The reliability problem with our streetcar fleet is known, but what is alarming is the lack of information about what is really happening.  The TTC wrings its hands about problems with adding service to accommodate new demand, and they don’t even have enough working cars, they claim, to run the existing service.

Why are they failing?  What is happening here?  What’s the big secret?  Are we simply trying to save money by cutting back on maintenance?

Answers please!

43 thoughts on “Funding for New Streetcars (Updated)

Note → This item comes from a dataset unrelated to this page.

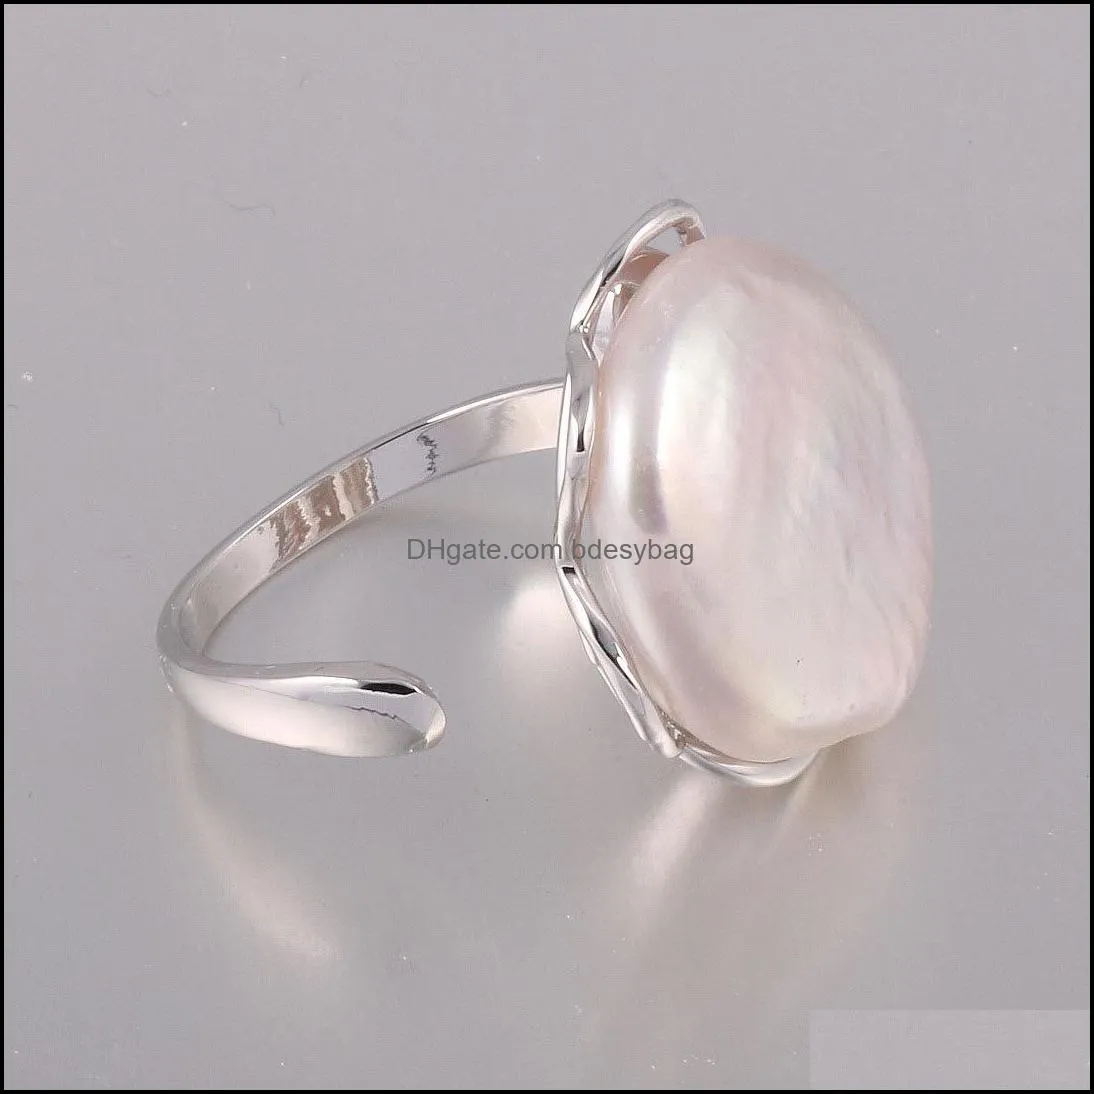 style copper base circular freshwater pearl ring for elegant women love romantic gift
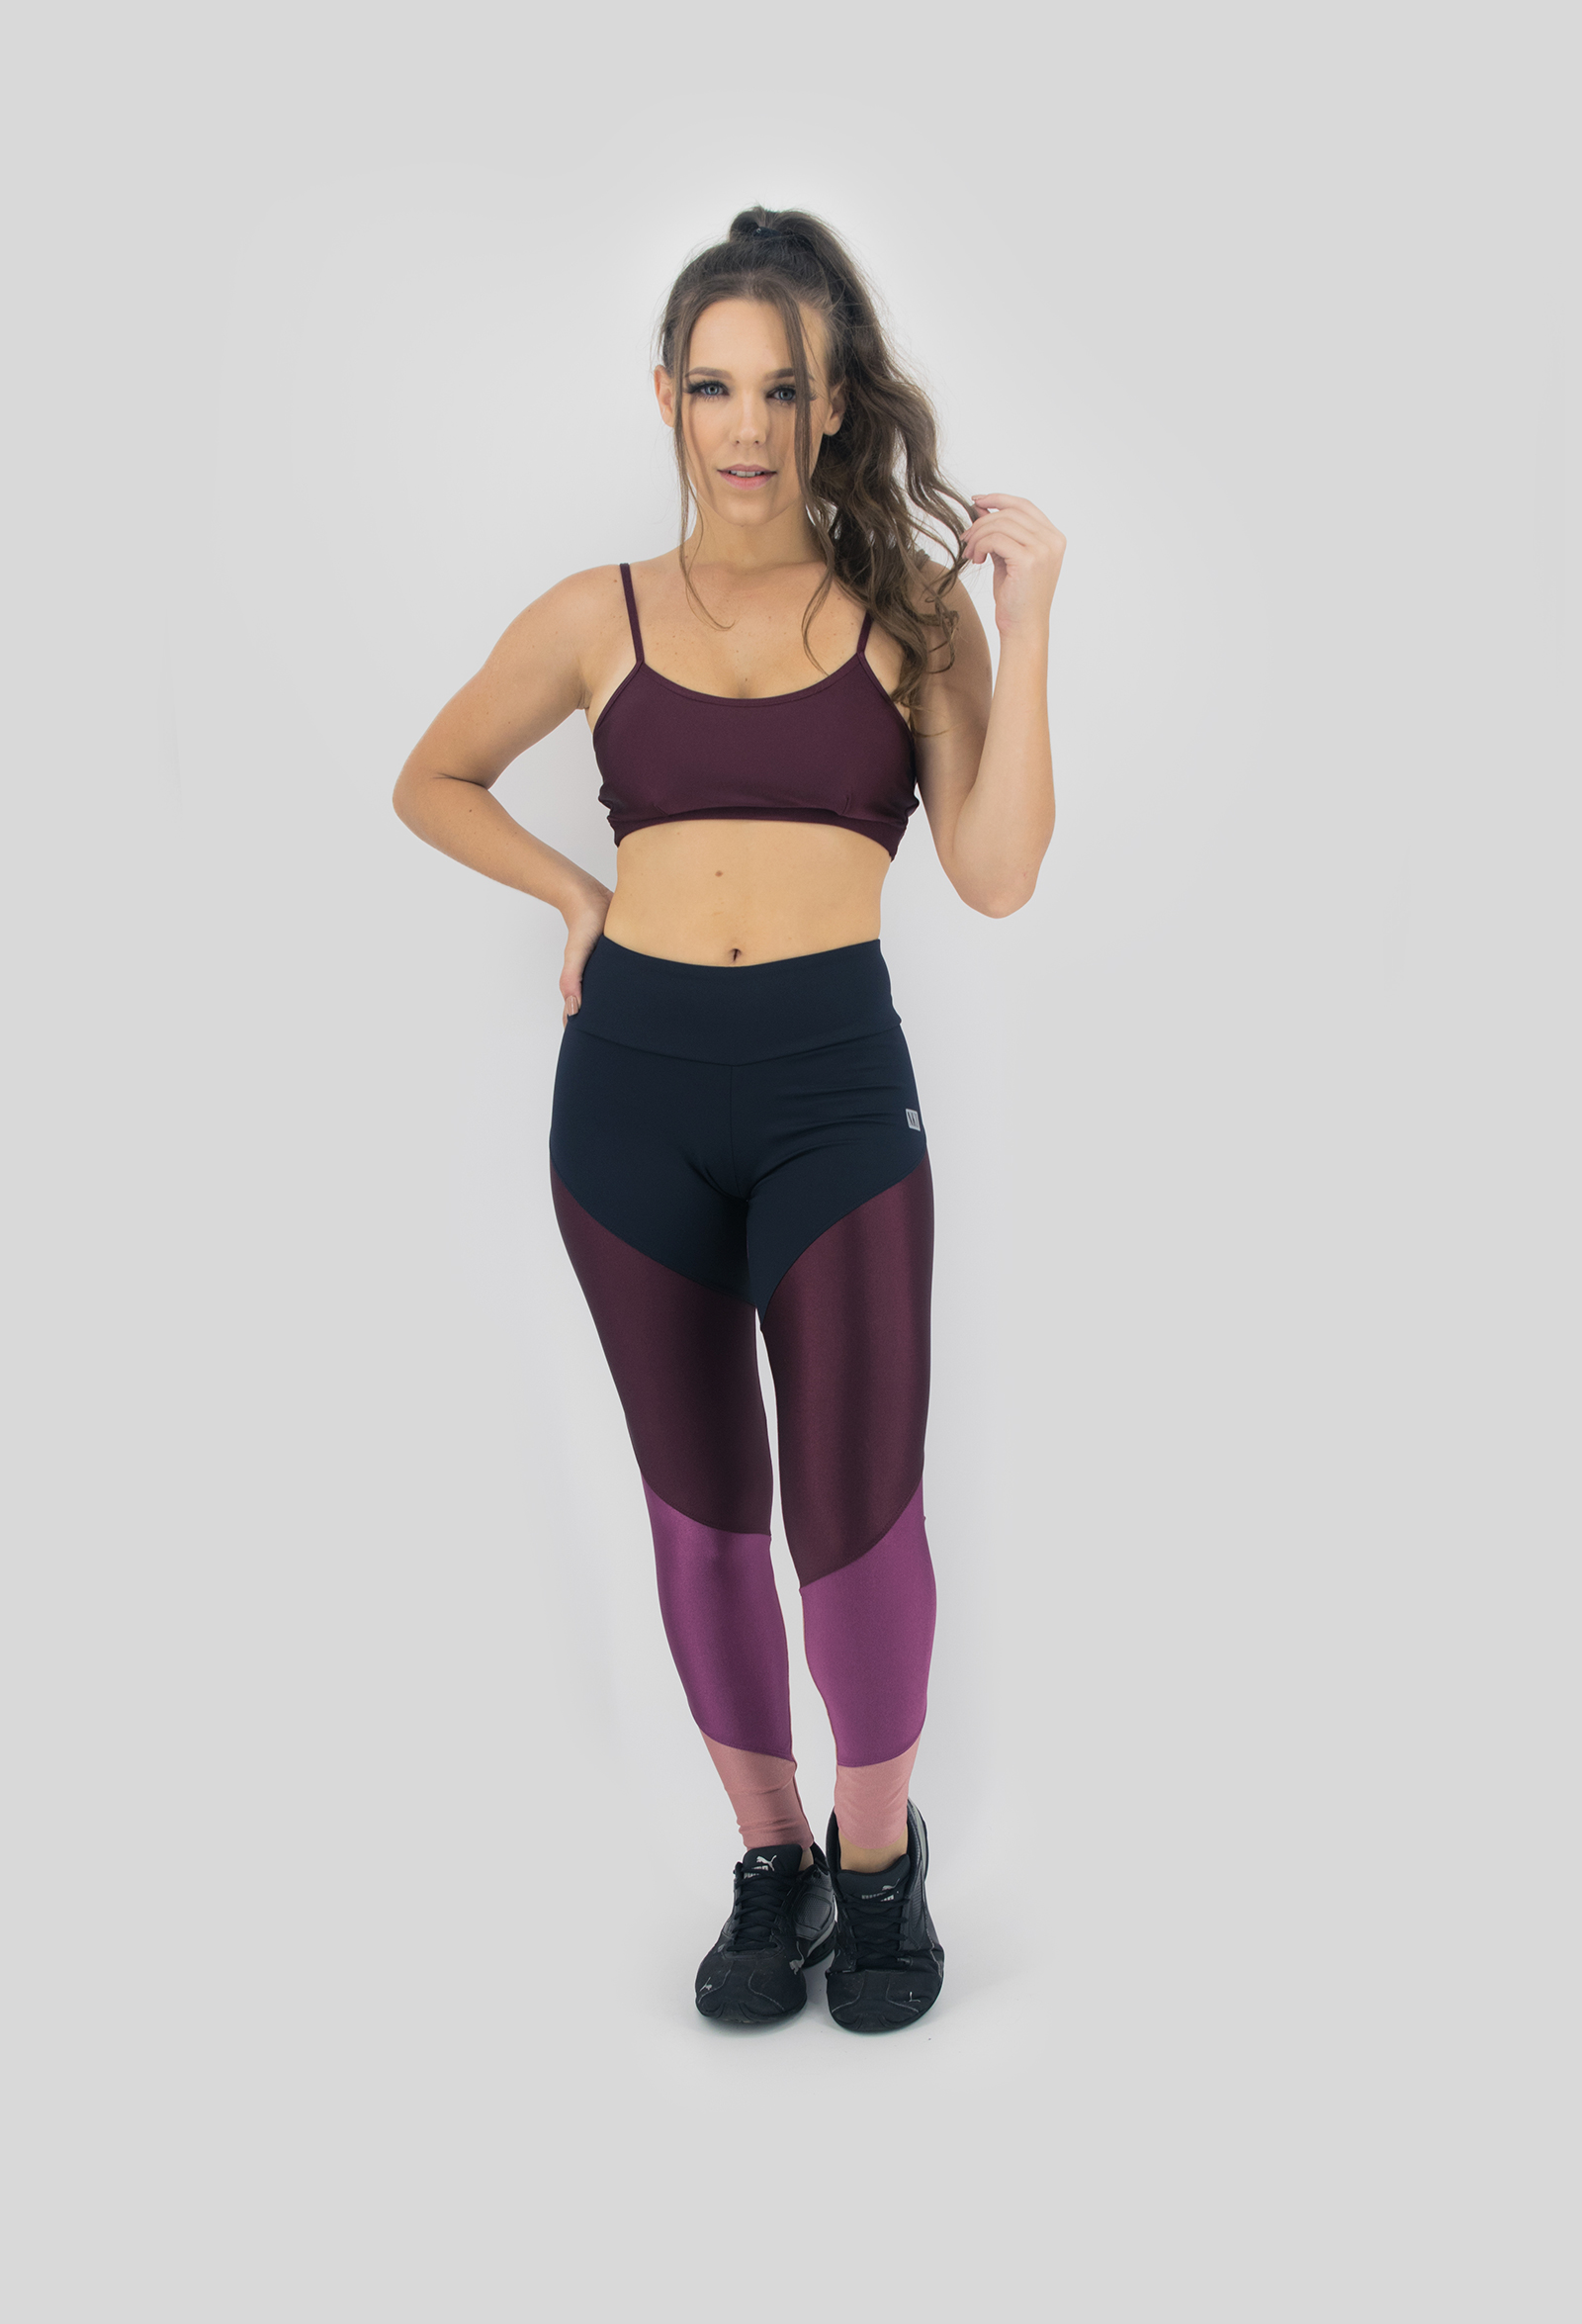 Legging Profusion Bordo, Coleção Move Your Body - NKT Fitwear Moda Fitness

  1. I have a weird feeling that Metrolinx is taking everything over sometime soon. When I say everything, I mean everything. Just like in greater Vancouver with their boondoggle of a setup. The feds are not putting their so called fair share in the perspective of the Ontario Liberals, and the city of Toronto is a wrench in the works of the Liberal goal. I am getting the vibes and I think it’s coming sooner then later in some form.

    Steve: The problem is that Metrolinx is (a) making kind noises toward local operators and (b) is utterly incompetent to do something like this. What is in the works is some creative accounting to allow assets to be held on the Province’s (e.g. Metrolinx’) books so that they can appear as a “balance” against all the money advanced via subsidies. This preserves the fiction that the added debt Ontario will take on actually is matched by an asset, although selling that asset would be tricky unless they got desperate like Mike Harris with the 407.

    Infrastructure Ontario (aka “IO”) is a far more dangerous organization.

    Like

  2. As far as reliability goes, does anyone know how the ALRVs in Salt Lake City and Sacremento are doing? Did the sale involve any kind of rebuilding? For that matter, are they even still in service?

    Even if the cars aren’t suitable for use here (and why wouldn’t they be, going from pans to poles shouldn’t be too hard, and PoP is going to be required for the new cars anyway) they could be a good source of spare parts.

    About preservation, if I had to guess I’d say that HCRR will probably end up stripping a lot of the electronics from their CLRVs and rebuilding the controls with PCC systems… That said you might be surprised whats possible with antiquated electronics when the demands become preservation of a small number of museum pieces by enthusiasts rather than day in day out maintenance of a major fleet.

    It also leaves me wondering if Phily might be interested in some CLRVs if we were to keep them in shape to retirement (they’re the only place I can think of running a directly equivalent car in NA, and are going to need more if route 23 and 56 ever go ahead with reconversion; I doubt there’s enough PCCs floating around to repeat the PCC II program.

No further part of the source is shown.